报告的主要内容将介绍我们使用 Apache IoTDB 实现的数据收集以及设计架构，然后我将对我们实现的增益与学到的经验做简短的总结。

I can report you today about a very interesting application with Apache IoTDB that we have done together with a German automotive OEM. We used one of its rather unique features, namely the multi-master syncing ability, to generate a multi-level data syncing application to handle quite large amount of data that come up in automotive production.

Here's a short agenda what I want to talk about. I would shortly give a motivation introduction into the background of the project because the data was generated from electric motors, which are used to supplement pneumatic clamps, which are used a lot not only in automotive industry, but also in many other industries.

And the main part will be about the data collection and architecture we applied using Apache IoTDB, and then I'll end with a short summary of what we've done and what we've learned.

01 Motivation 项目动机

首先我们来谈谈项目的动机。我先介绍一下气动夹紧器。它是一组用于许多行业和许多应用的执行器。

在这里您可以看到 3 张来自汽车生产线的图片。可能不是很容易分辨，但在所有这些图片中，您会看到那些用来固定钢材、夹住或推动某种材料的笨重夹具。在常规的汽车生产工厂中，有数百至数千个用于处理任意运动或动作的夹具或执行器。

So let's come up to motivation. I will talk about pneumatic clamps. It’s a set of actuators which is used in many industries and in many applications.
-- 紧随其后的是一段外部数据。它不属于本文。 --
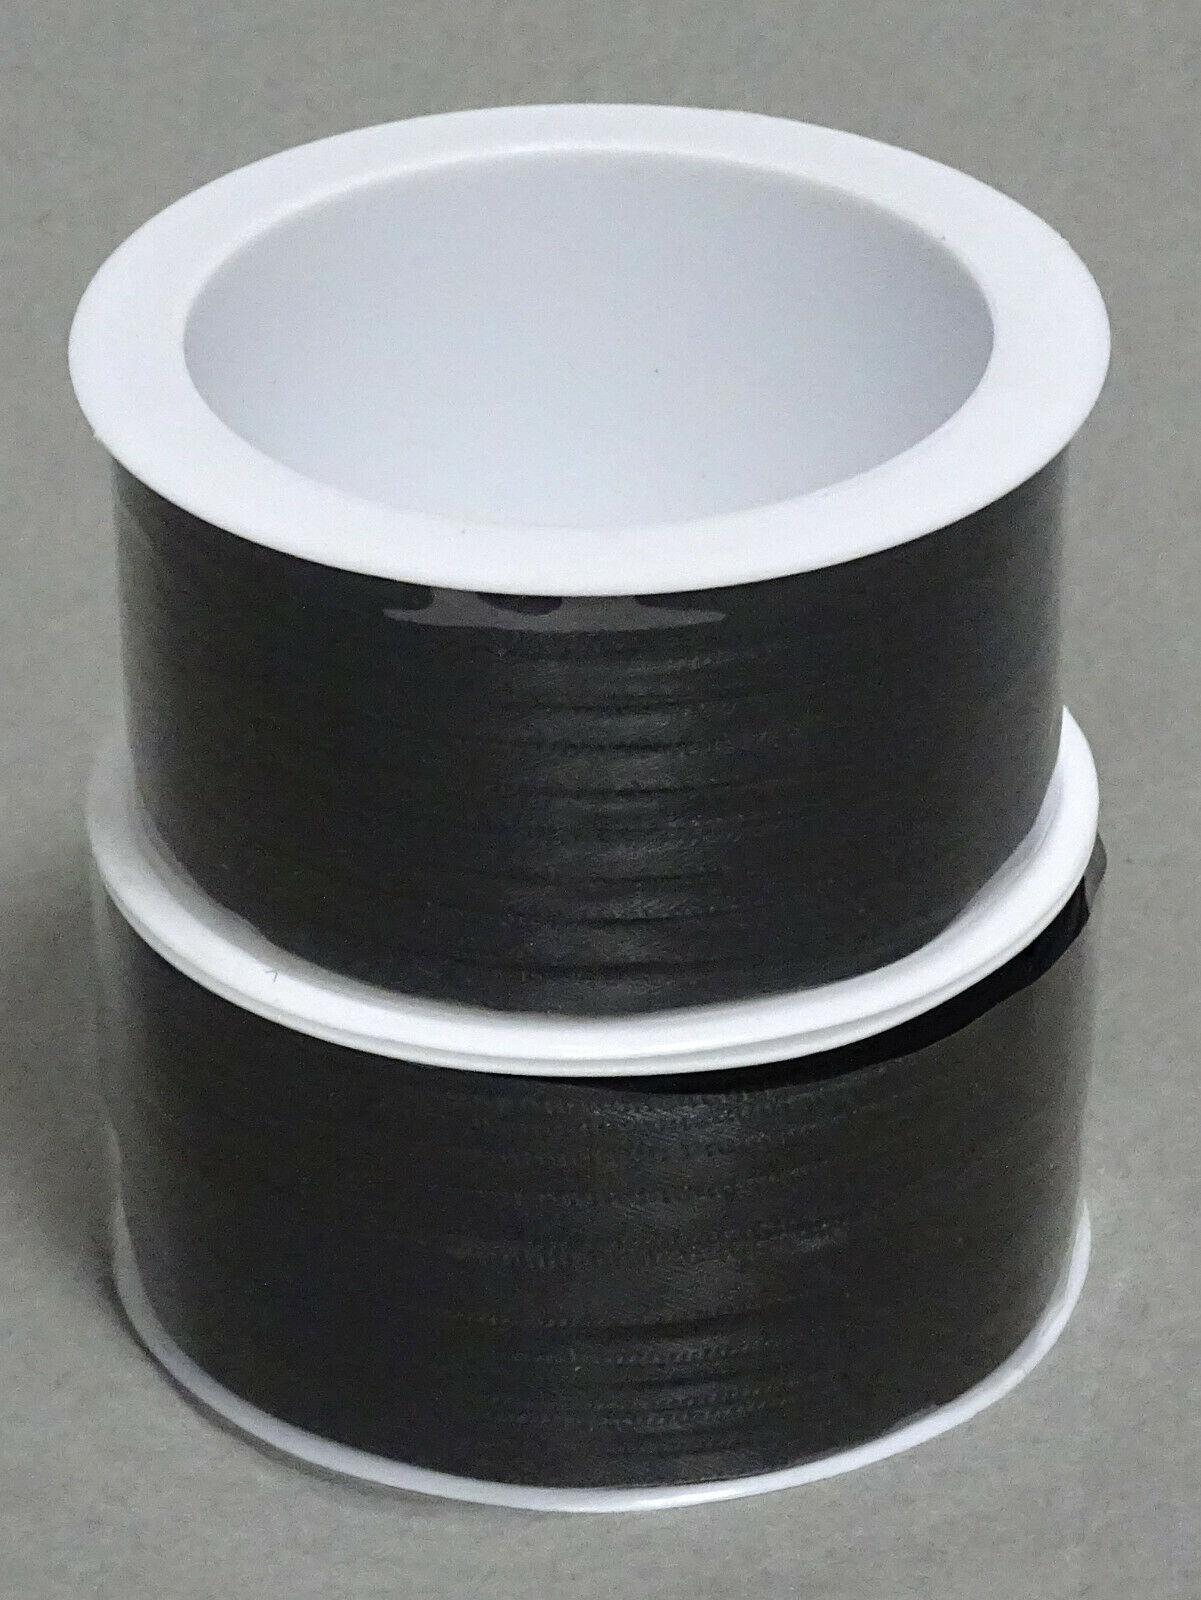 Satinband Schleifenband 50m x 3mm / 6mm Dekoband ab 0,05 €/m Geschenkband Rolle - Schwarz 113, 3 mm x 50 m

Here you see 3 pictures from automotive production. It’s perhaps hard to see, but in all those pictures you see those bulky little clamps which are there to fix a steel, to clip or push some kind of materials. In a regular automotive production plant, there are several hundred, up to several thousand of those clamps or actuators which handle arbitrary movements or actions there.

本次报告的案例主要围绕气动夹紧器——当然还有其他气动执行器被广泛应用，不过我们将只讨论夹紧器，它在理论上是一种非常简单的设备。

这是某个夹紧器的详细描述，它会与其他很多夹紧器以相同功能运作。它在两个位置之间移动其夹紧臂：即打开和关闭。这种运动，抑或说它施加到材料上的力通常来自气动阀。

图片的下半部分是该气动阀，它通常连接到工厂中的某中央压缩机，最终产生高达 5 巴甚至更高压力的压缩空气。阀门打开或关闭，夹紧臂就会相应地改变其位置。

这是一项非常成熟的技术，非常强健的技术，也是非常经济的技术。由于唯一的活动部件是阀门，它非常稳固并且易于操控。它承载的信息量很小，即打开或关闭，此外没有任何其他信息。它可以承载强大的力量，因为其带有若干巴的压缩空气，并且它通常免于维护。

不过这类气动夹紧器有两个弊端。其中一个缺点并非是今天的主题，即精确导航做起来有点复杂，比如在生产工程中从一个车型换到另一个车型时，由于气动阀不能存储不同的位置——只能以相同的位置关闭和打开，重新部署将会变得很复杂；另一件非常重要并且非常糟糕的问题是能源效率。能源效率是世界范围内的一个重要议题，在德国更是一个焦点话题。整个工业界都在想方设法提高能源使用效率。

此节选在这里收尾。